Both studies attribute climate change to be the lead cause of why the trees are struggling to grow back in certain fire-scarred areas.
As a result, some ecosystems will no longer be able to support tree species. Instead they may convert to grasslands, she said.
We’ve talked about this before (for example, here). But I would like to know how this kind of information is being incorporated into long-term planning for timber harvest levels. In accordance with the requirement for sustainability on national forests, we should be assuming forest growth consistent with the natural range of variation, which should reflect the effects of climate change on future forests.

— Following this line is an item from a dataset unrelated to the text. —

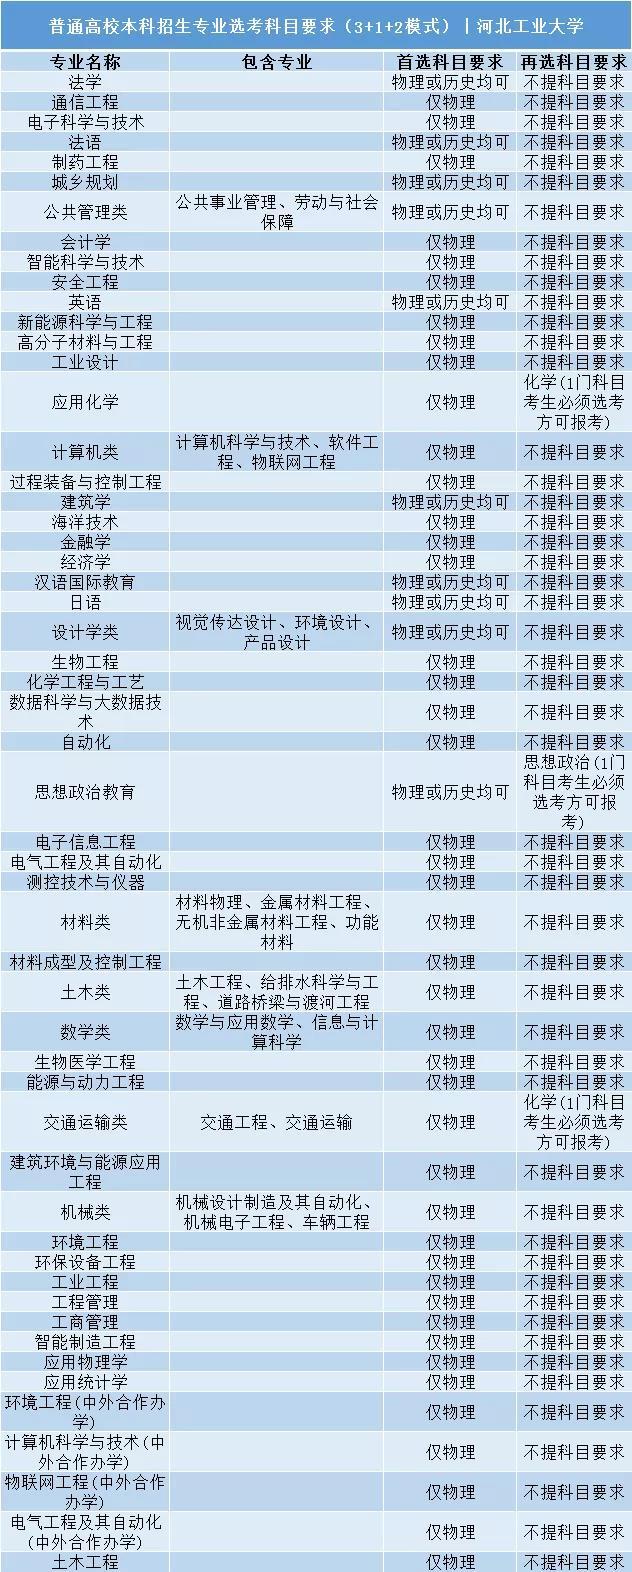 河北工业大学普通高校本科招生专业选考科目要求3+1+2模式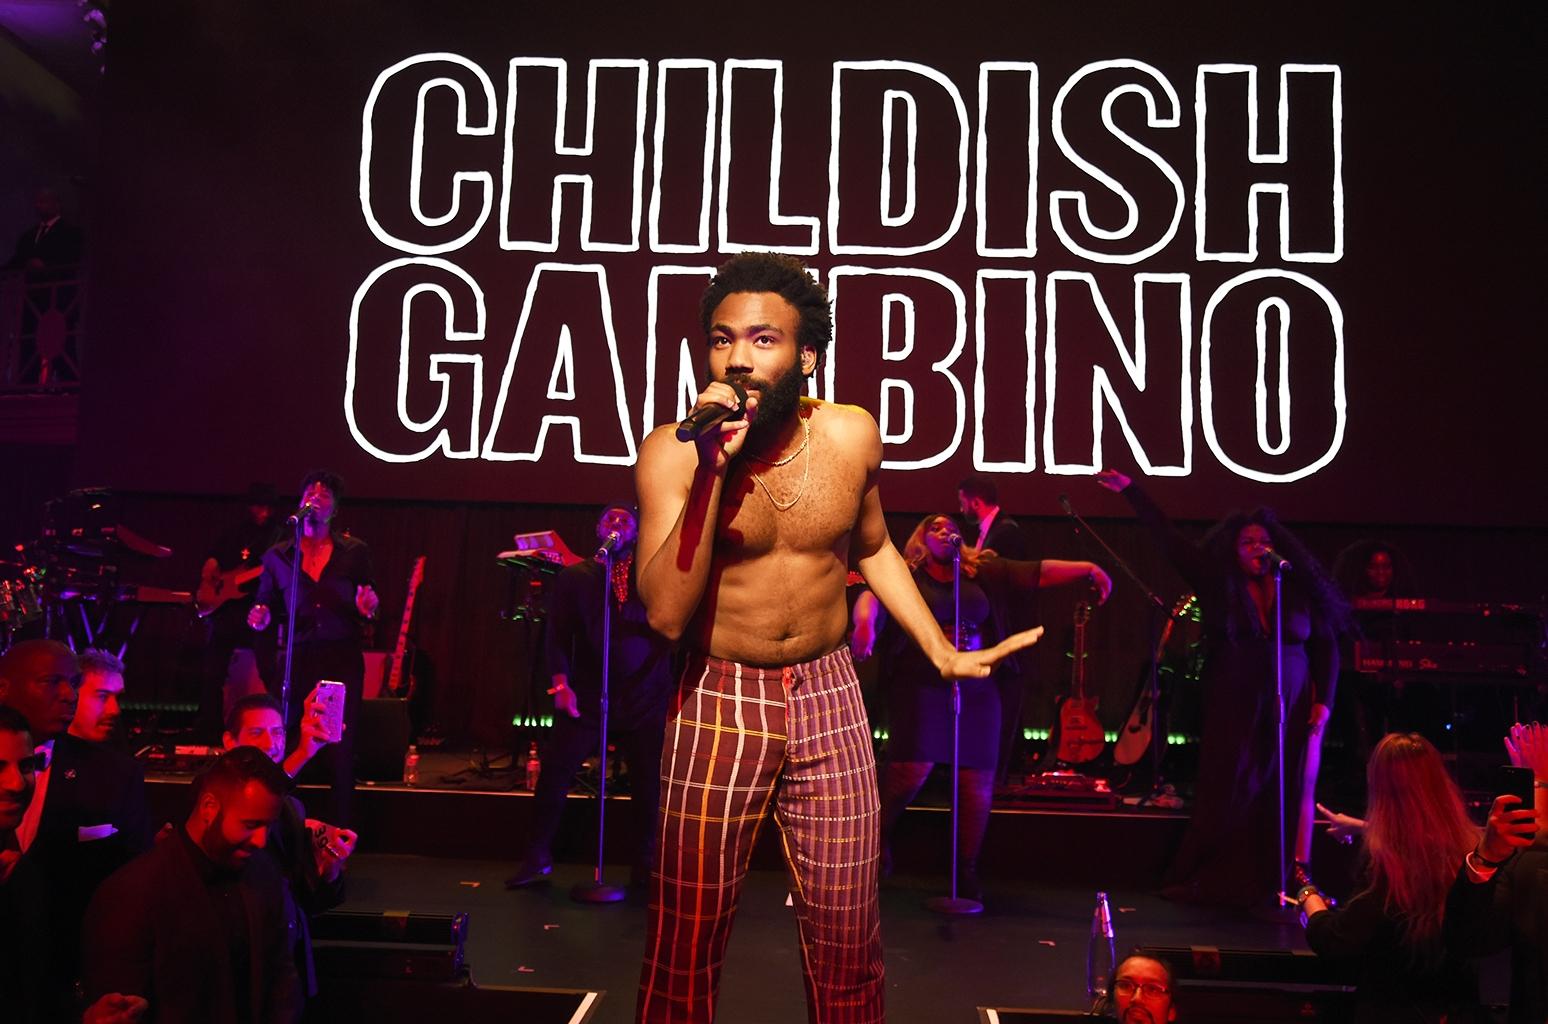 Childish Gambino's 'This Is America' Tour Postponed Due to Injury

What I would expect to be seeing based on this kind of research is reduced area suitable for timber production because it would become too dry, and reduced volume resulting from reduced density, slower growth rates and more frequent fires. “Sustained yield” means that projections of lower future timber yields may lead to reduced near-term volume. I’ve looked at the timber volume documentation for a few forest plan revisions, and I haven’t found anything there about climate change (there’s usually an unconnected section on the effects of climate change somewhere). (Projected timber harvest volumes are not tending to go down in revised forest plans.) Maybe that just requires digging deeper than the public-facing documents or maybe it’s not happening. Does anyone know more about this?